Aux yeux de ses contemporains, Gassendi apparaît comme un penseur de premier ordre. Mais, même si son œuvre n’exprime pas une pensée originale, l’ensemble de ses écrits témoigne de son érudition et de son caractère critique.
Gassendi combat l’irrationnel et affirme que l’homme doit user librement de sa raison. En donnant confiance à la raison dans les limites imparties à sa puissance et à ses capacités, Gassendi croit à la possibilité de remplacer une lecture théologique du monde par une lecture scientifique. Ainsi, son activité érudite est toujours subordonnée à un objectif strictement philosophique, dont le but est d’affranchir l’esprit de toutes formes de dogmatisme, que seule la connaissance peut critiquer sur des bases légitimes.

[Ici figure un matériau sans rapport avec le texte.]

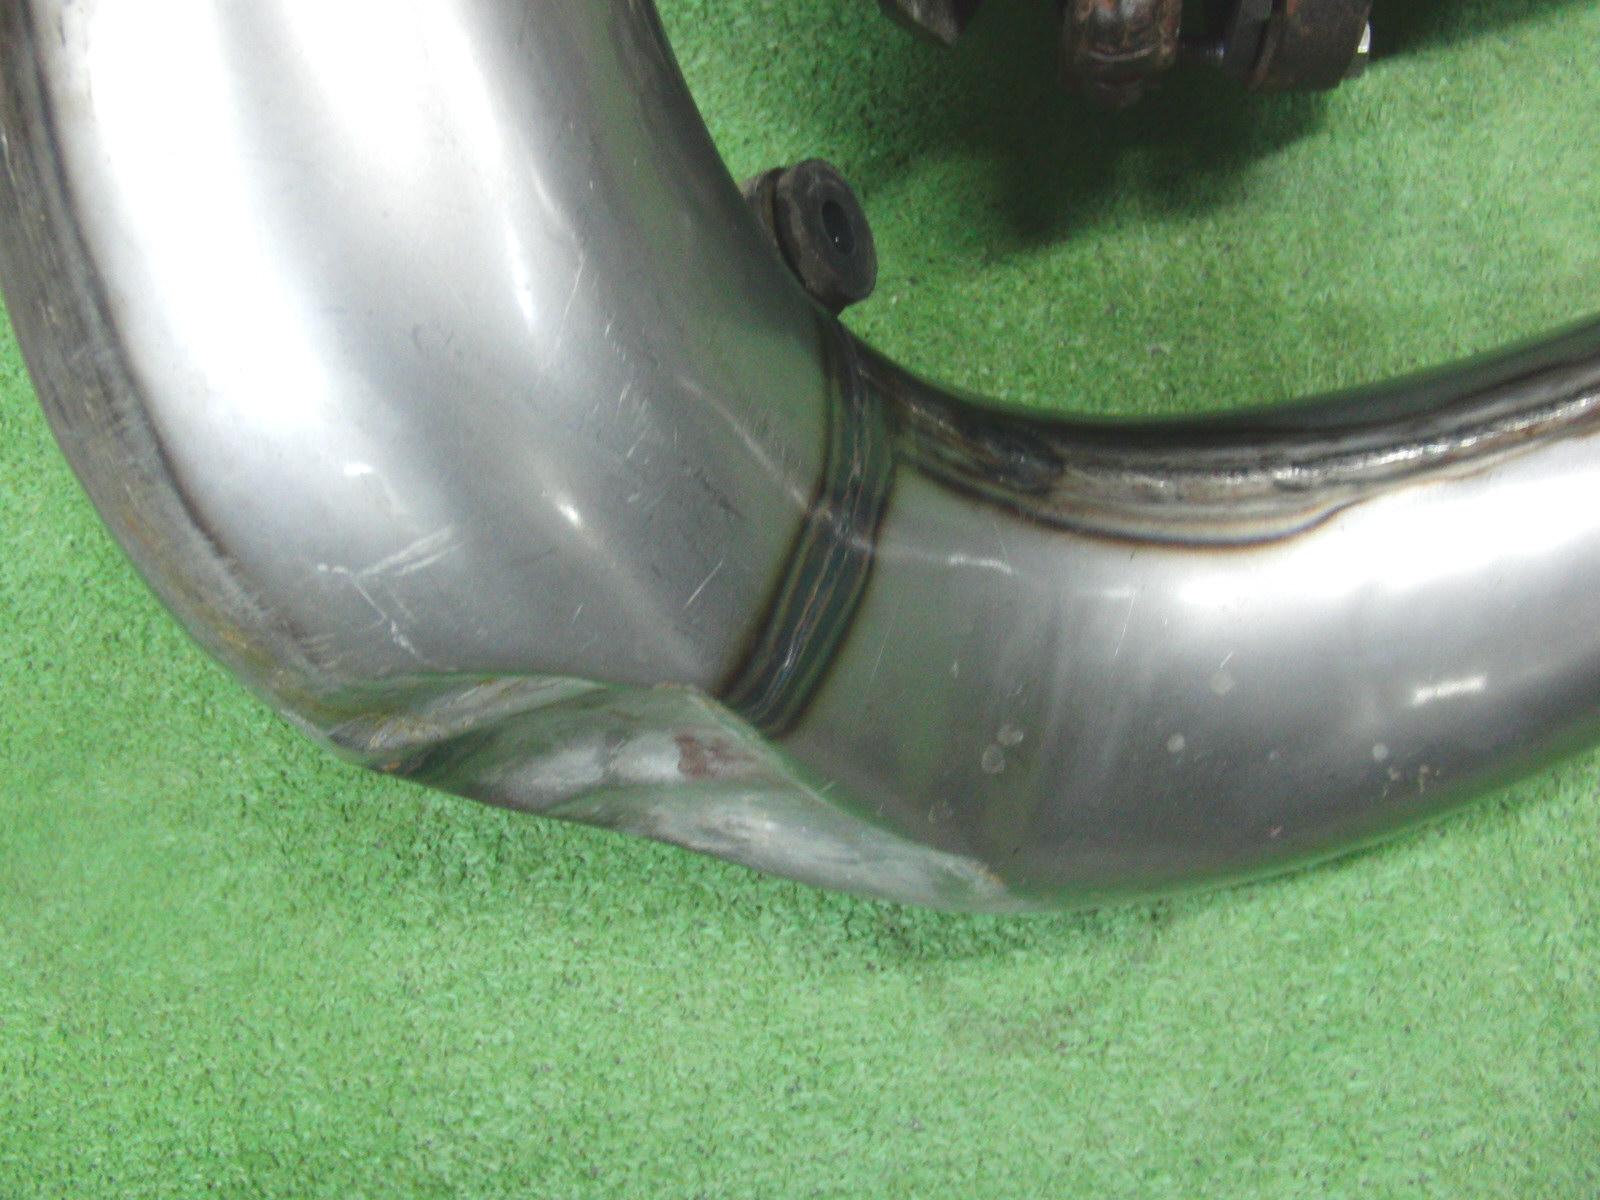 http://www.precious-factory.com/preciousfactory2010/CIMG2653.JPG

Gassendi est d’abord connu pour son opposition à Aristote et à la philosophie scolastique, contre lesquels il publie en 1624 Exercitationes paradoxicæ. Cet ouvrage s’insère dans une tradition humaniste et renaissante d’anti-aristotélisme. Gassendi remet en cause les autorités, l’interprétation a priori et la tradition immédiate. Il leur substitue les preuves expérimentales. Son opposition à Aristote et à son dogmatisme doit aussi être mise en perspective avec son combat contre les courants ésotériques et théosophiques, et contre le dogmatisme occultiste.
L’aspect critique de Gassendi se retrouve aussi dans l’examen qu’il fait des Méditations métaphysiques de Descartes. De 1641 à 1642, à Paris, il se retrouve pris dans une polémique l’opposant au philosophe. En 1644, il publie un ouvrage intitulé Disquisitio metaphysica qui rassemble les textes anticartésiens écrits pendant cette période.
Gassendi critique la méthode cartésienne (son dogmatisme, l’arbitraire de ses démarches, sa prétention à atteindre des vérités par la pensée pure), le cogito (la connaissance de l’âme par elle-même comme essence et substance) et la critique des preuves de l’existence de Dieu (Gassendi conteste la positivité de l’idée d’infini).
Toutes les orientations de Gassendi se retrouvent pour l’essentiel dans le projet qu’il mène pour réhabiliter Epicure et la philosophie du Jardin, et qui donne lieu à trois publications :
De vita et moribus Epicuri (1647),
Animadversiones in decimum librum Diogenis Laertii (1649) et le
Syntagma philosophicum (1658, Opera omnia, Tome III).
Gassendi reformule la logique d’Épicure pour qu’elle serve de fondement à la nouvelle science et à ses méthodes empiriques. La réhabilitation morale du philosophe lui permet de dépasser la contradiction apparente entre christianisme et épicurisme. Ainsi, il crée son propre système philosophique, qui articule logique, éthique et atomisme épicuriens avec la doctrine de la création du monde par Dieu, de la Providence, de l’incorporéité et de l’immortalité de l’âme. Faisant de l’éthique la question centrale de la philosophie, Gassendi pose le plaisir comme finalité de l’homme et la philosophie comme un exercice vers une vie plus heureuse.